If you care about getting the most real performance and comfort per euro, go ANGWATT. If you're a modder who enjoys fussing over their scooter like an old car, the KUGOO M4 can still be your thing.
Stick around-because the devil, and the fun, are both in the details.
There's a particular corner of the scooter world where specs are loud, prices are low, and refinement is... negotiable. That's exactly where the KUGOO M4 and ANGWATT F1 NEW live. Both promise "big scooter" speed and range for "small scooter" money, and both have built themselves reputations as budget beasts.
I've spent a lot of kilometres on machines like these, and these two are classic examples of different eras of budget performance. The KUGOO M4 is the older street legend: fast, rough around the edges, loved by tinkerers. The ANGWATT F1 NEW feels like the new kid who read all the forum complaints about scooters like the M4 and quietly fixed half of them.
If you're trying to decide which one deserves your hallway space (and your spine), this comparison will walk you through how they really feel on the road, what breaks your back, what breaks your nerves, and which one actually deserves your money.
Who Are These For, and Why Compare Them?
Both scooters sit in that "serious but still kind-of-affordable" class. They're much faster and heavier than rental-style 25 km/h toys, but far cheaper than the big-name dual-motor monsters. Think: people who commute longer distances, heavier riders, or anyone who wants to stop being the slowest thing in the bike lane.
The KUGOO M4 pitches itself as an all-rounder: fast enough for traffic, comfy thanks to suspension and a wide deck, and with an included seat to tempt longer commutes. It's clearly aimed at riders who want car-replacement vibes on a strict budget.
The ANGWATT F1 NEW comes at it from the other angle: more motor, more battery, more modern features (NFC, tubeless tyres, hydraulic front shock) while still undercutting a lot of the market on price. It's the "I want ridiculous value and I don't care about the brand logo" choice.
They're natural rivals because on paper they occupy the same niche: single-motor budget hot-rods with proper suspension. In practice, they feel quite different the moment you leave your driveway.
Design & Build Quality
Pick up the KUGOO M4 and the first impression is: this is very much a "parts-bin special". Aluminium frame, exposed cables, a deck with grip tape, mechanical bits all over the place. It looks like a scooter designed by someone who prioritised a spec sheet over a design department. Not ugly, but very functional. And yes, the infamous cable spaghetti hanging off the front is real.
The ANGWATT F1 NEW, while still no design award contender, feels more modern and coherent. The frame mixes steel and aluminium with chunky, purposeful lines.
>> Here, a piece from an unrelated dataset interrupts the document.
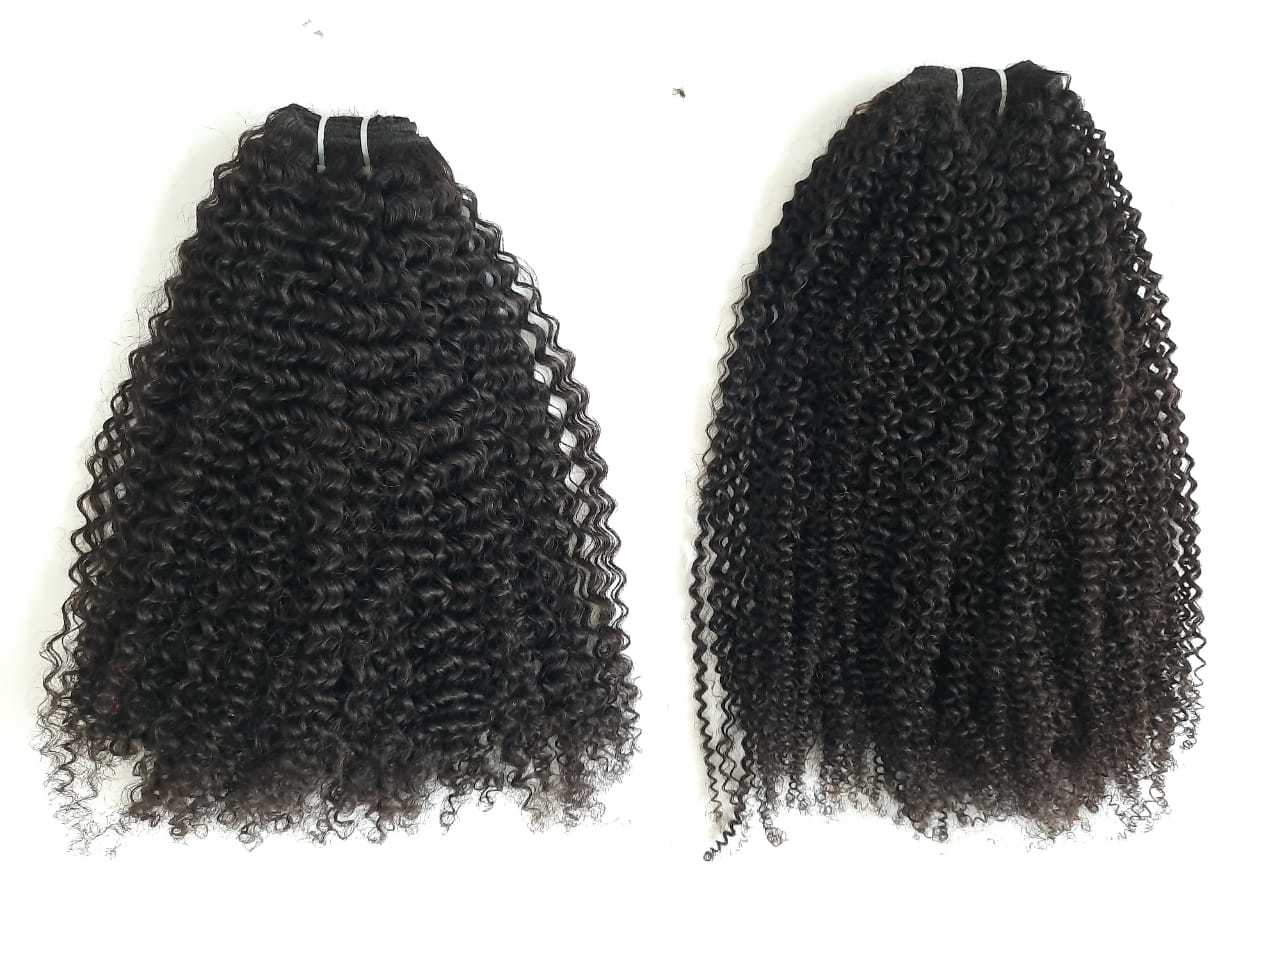 Steam Afro Kinky Curly Human hair,Afro style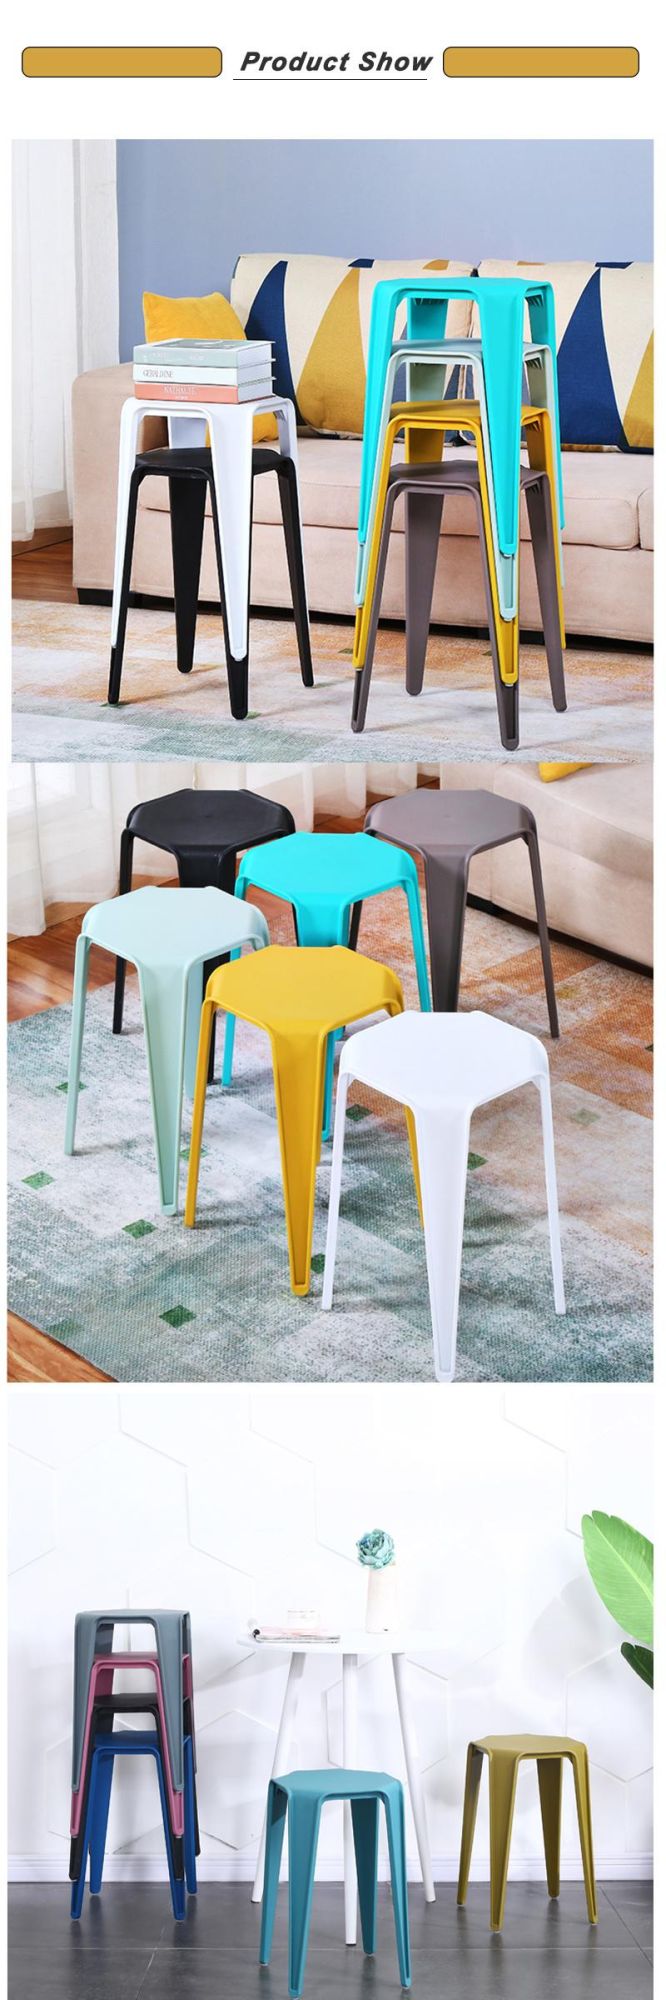 Simple Design Home Outdoor in Door Kitchen Room Furniture Colorful Stacking Plastic Stool Chair for Garden

The cockpit is dominated by a big central display and a tidier bar layout. The cabling is still visible (this is not a Segway), but less chaotic. The whole thing gives off "budget tank" rather than "kit scooter from a warehouse".
Where the difference really shows is in perceived solidity. The F1's folding latch locks in with convincing firmness; stem play is minimal, even at speed. On some KUGOO M4 units, I've had to wrestle with wobble and clamp adjustments before I trusted it above cruising speeds. That's not a problem you really want to have to solve on a "vehicle", but it's almost a rite of passage with the M4.
Finish quality follows the same pattern. The M4's external fasteners, clamps and joints all scream "please check me every week". The F1 NEW still benefits from a bolt check like any direct-import scooter, but it feels like fewer corners were cut in the chassis itself.
Design philosophy in one line: the KUGOO M4 looks like a powerful DIY project; the ANGWATT F1 NEW looks like a deliberately engineered product.
Ride Comfort & Handling
On the comfort front, both are galaxies ahead of stiff commuter toys-but they don't feel the same at all.
The KUGOO M4 uses basic spring suspension front and rear. It does a decent job soaking up smaller chatter and takes the sting out of rough tarmac. But it's very "bouncy scooter": hit a series of bumps and the front end can start pogoing, especially if you're heavier or running hard tyres. On broken city streets, after a few kilometres, you know you're on a budget setup.
The ANGWATT F1 NEW steps it up with an oil-damped (hydraulic) front shock paired with a spring, plus a beefy rear spring setup. That hydraulic front end is the star here. When you drop off a curb or slam through a pothole, it compresses and returns in a controlled, calm way instead of catapulting you back up. The ride is notably more composed and less fatiguing, especially at higher speeds on bad surfaces.
Both stand on large air-filled tyres, but the F1's tubeless setup shines. You can run slightly lower pressures without constantly fearing pinch flats, which adds a subtle but welcome softness to the ride. The M4's tubed tyres still cushion nicely, but you feel every sharp hit that makes it past the springs.
In handling terms, the KUGOO M4 is nimble enough, with a reasonably wide bar and a stable deck. But that occasional stem play and the lighter front end can make it feel a bit nervous at higher speeds, especially on less-than-perfect surfaces. On a long, fast stretch, you tend to ride with a tiny bit of tension in your shoulders.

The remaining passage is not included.